* [EXTRACTED RECORDS]:
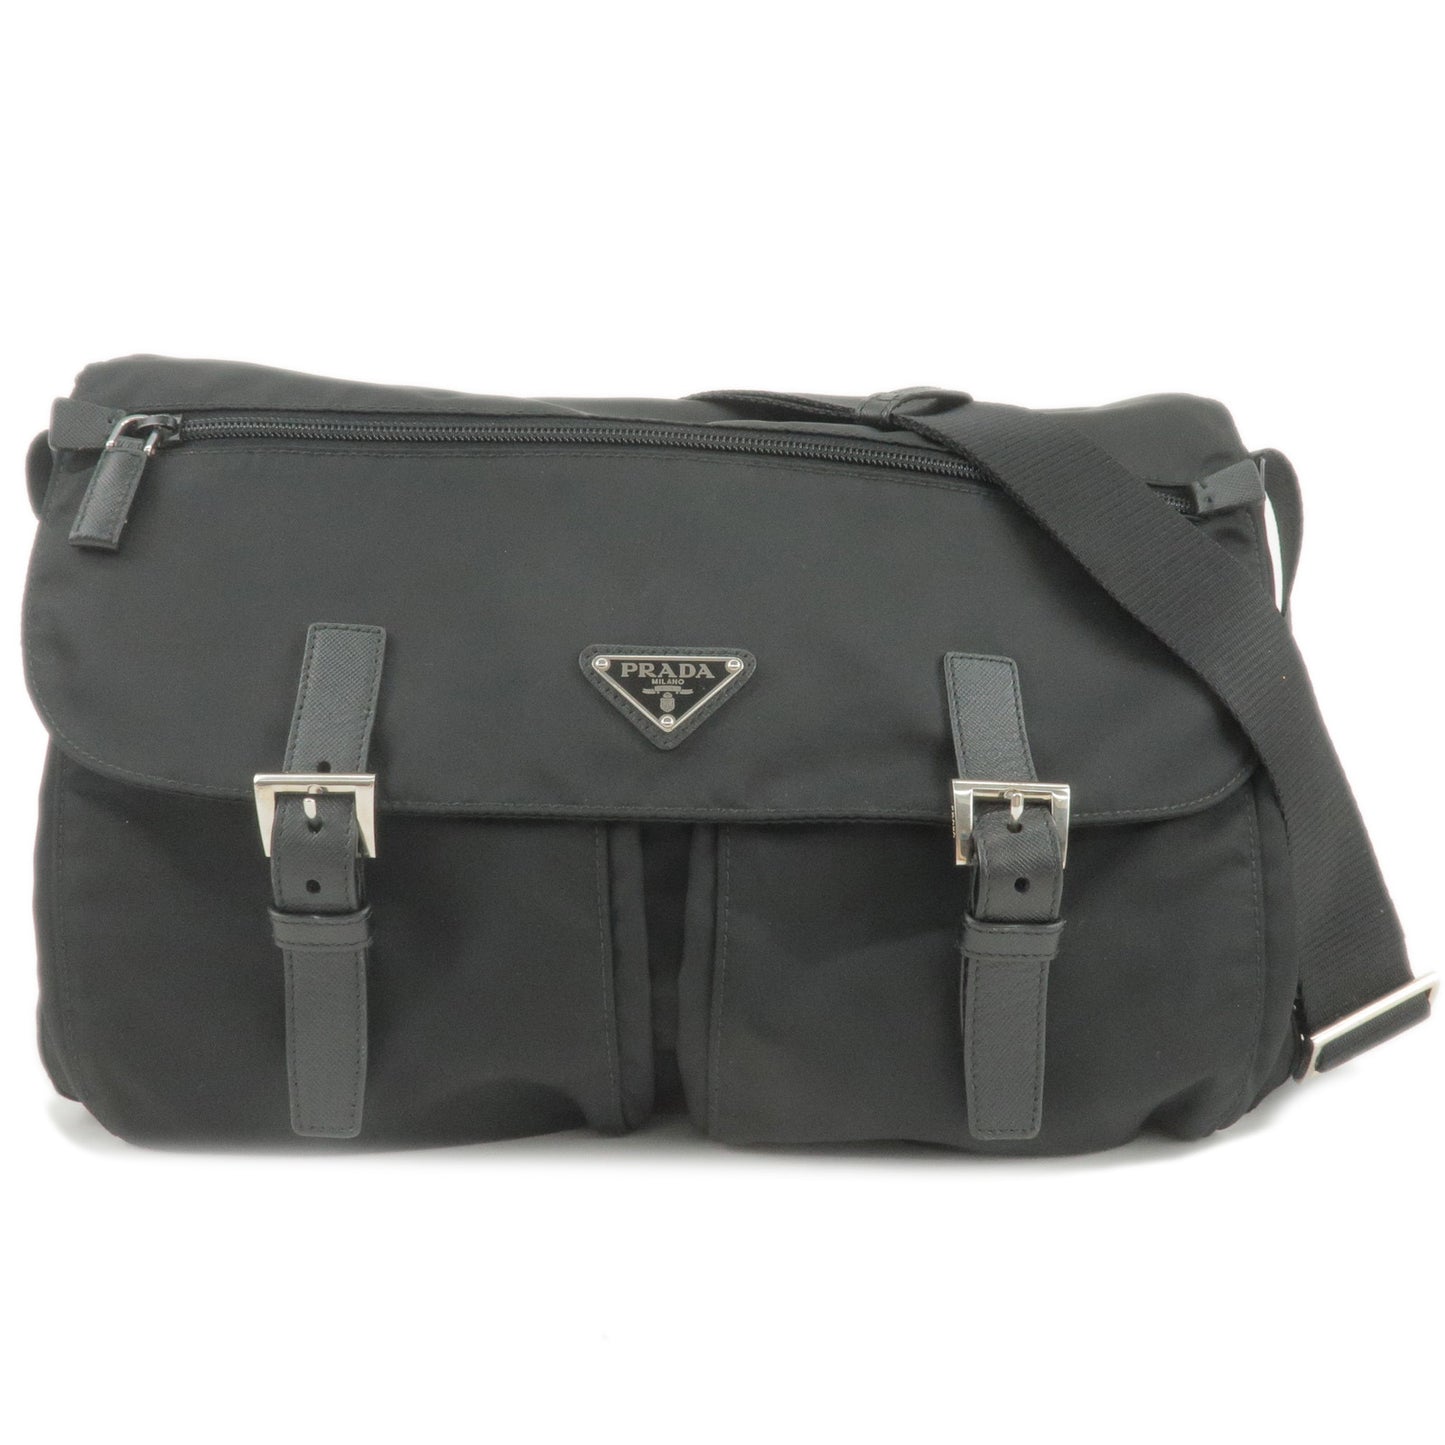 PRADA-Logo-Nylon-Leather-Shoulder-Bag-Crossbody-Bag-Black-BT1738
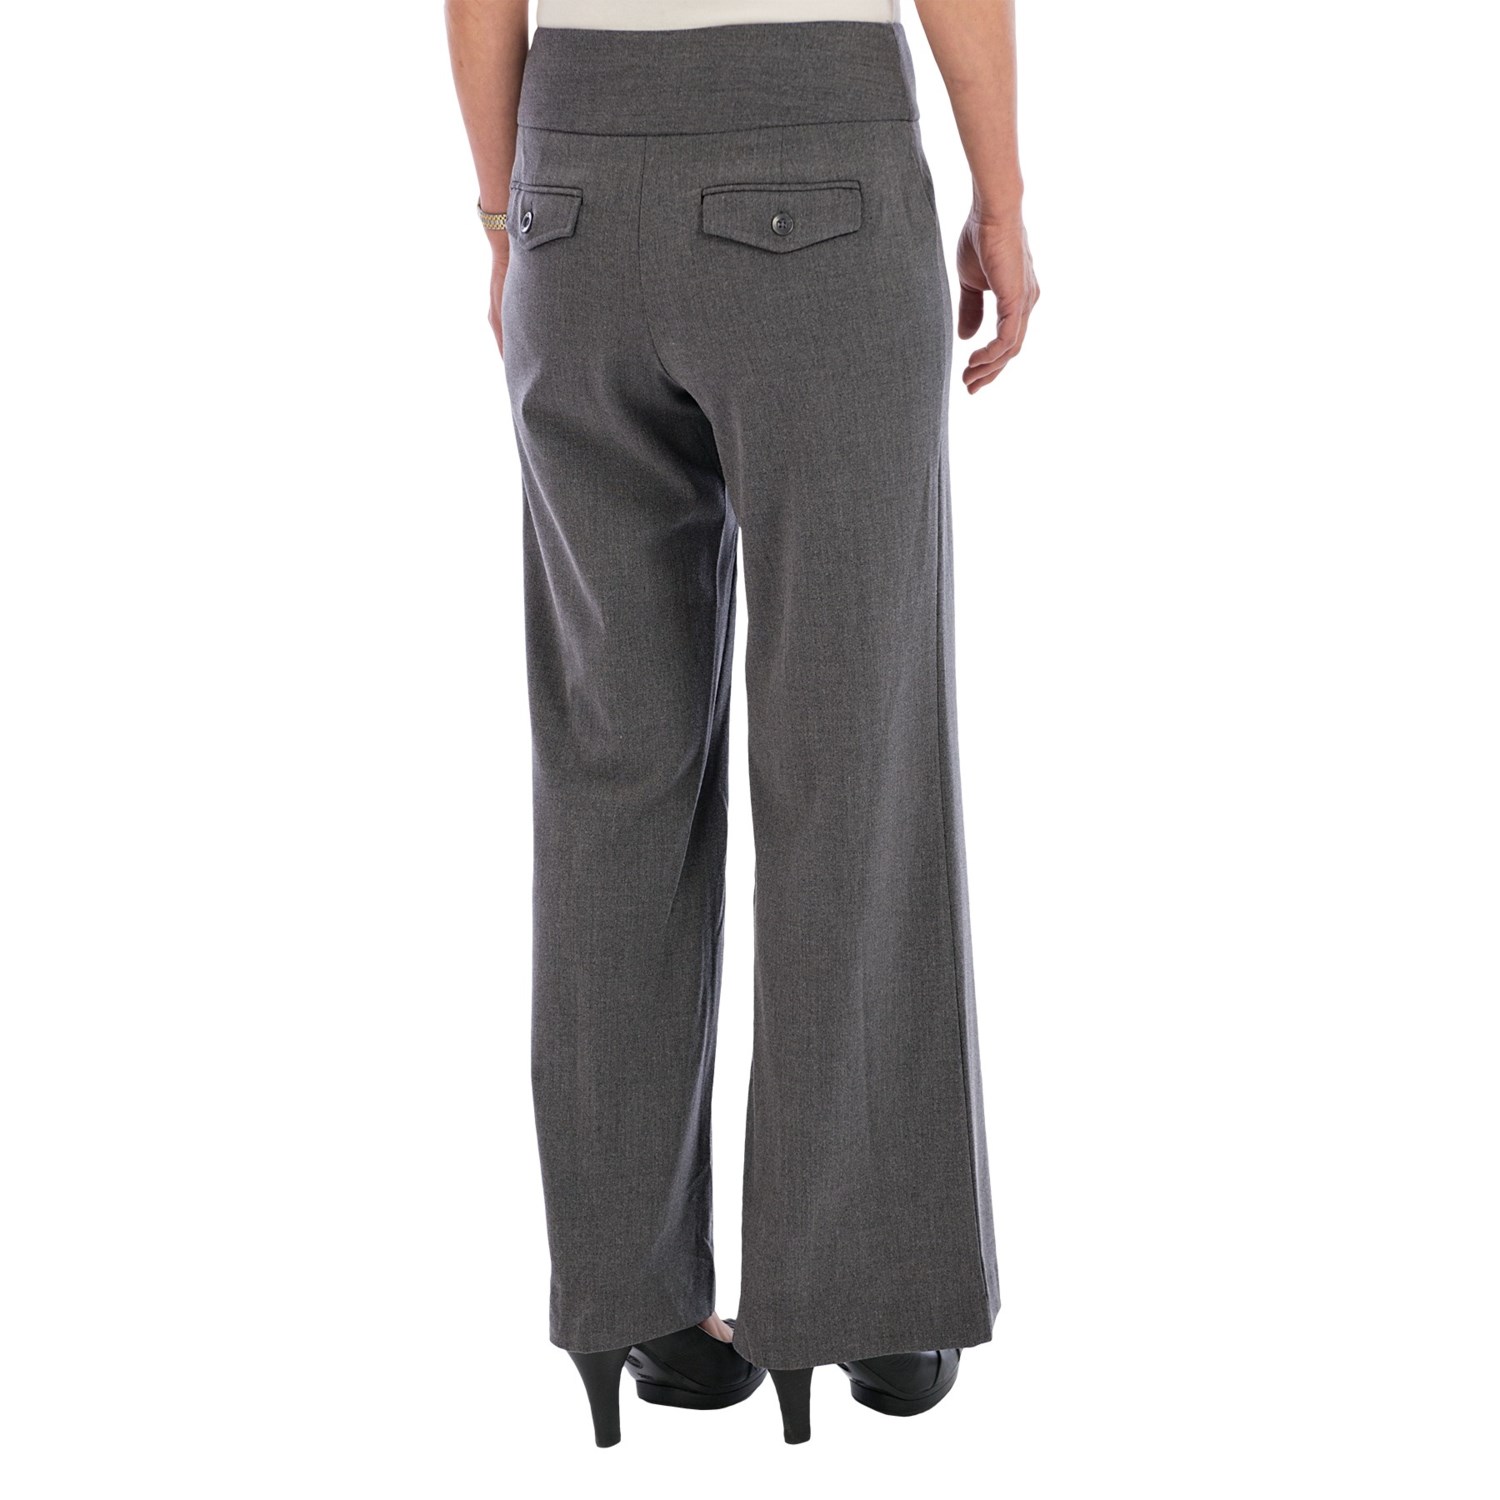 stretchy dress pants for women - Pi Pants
...
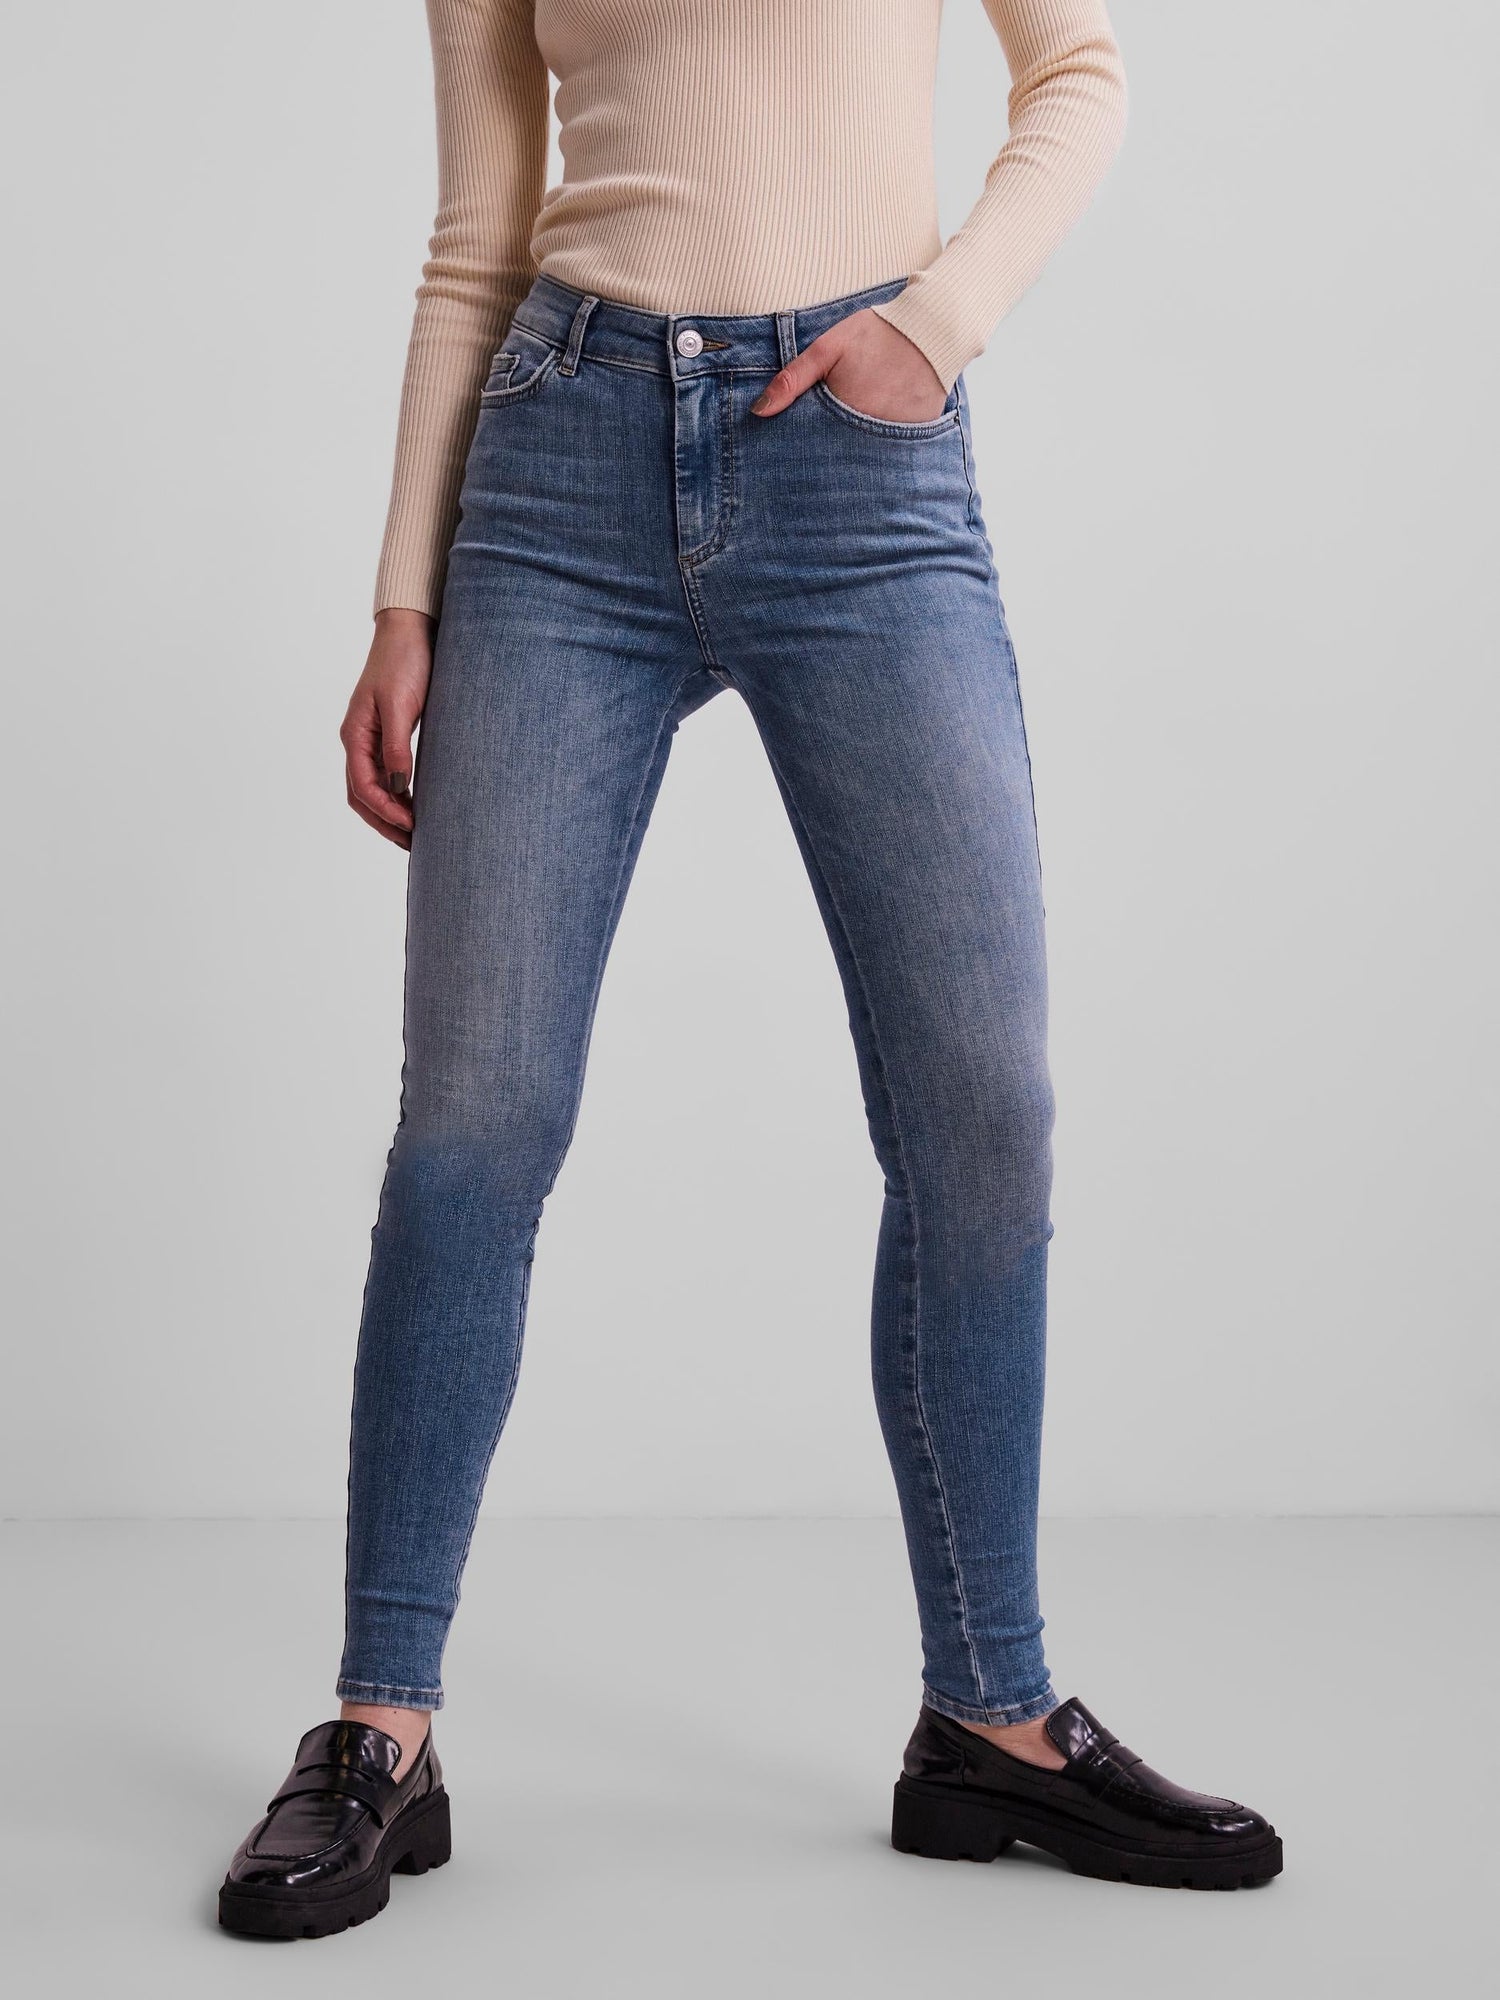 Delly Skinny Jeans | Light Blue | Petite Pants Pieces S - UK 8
---
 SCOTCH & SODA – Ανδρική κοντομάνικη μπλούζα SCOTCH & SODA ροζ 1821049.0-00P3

* [WHAT YOU NEED TO DO]:
Starting at the line above that has "PRADA-Logo-Nylon-Leather-Shoulder-Bag-Crossbody-Bag-Black-BT1738" and ending at the line that has "stretchy dress pants for women - Pi Pants", copy each line exactly, leaving the pictures out and adding nothing.

* [ANSWER TO THIS PROBLEM]:
 PRADA-Logo-Nylon-Leather-Shoulder-Bag-Crossbody-Bag-Black-BT1738
 stretchy dress pants for women - Pi Pants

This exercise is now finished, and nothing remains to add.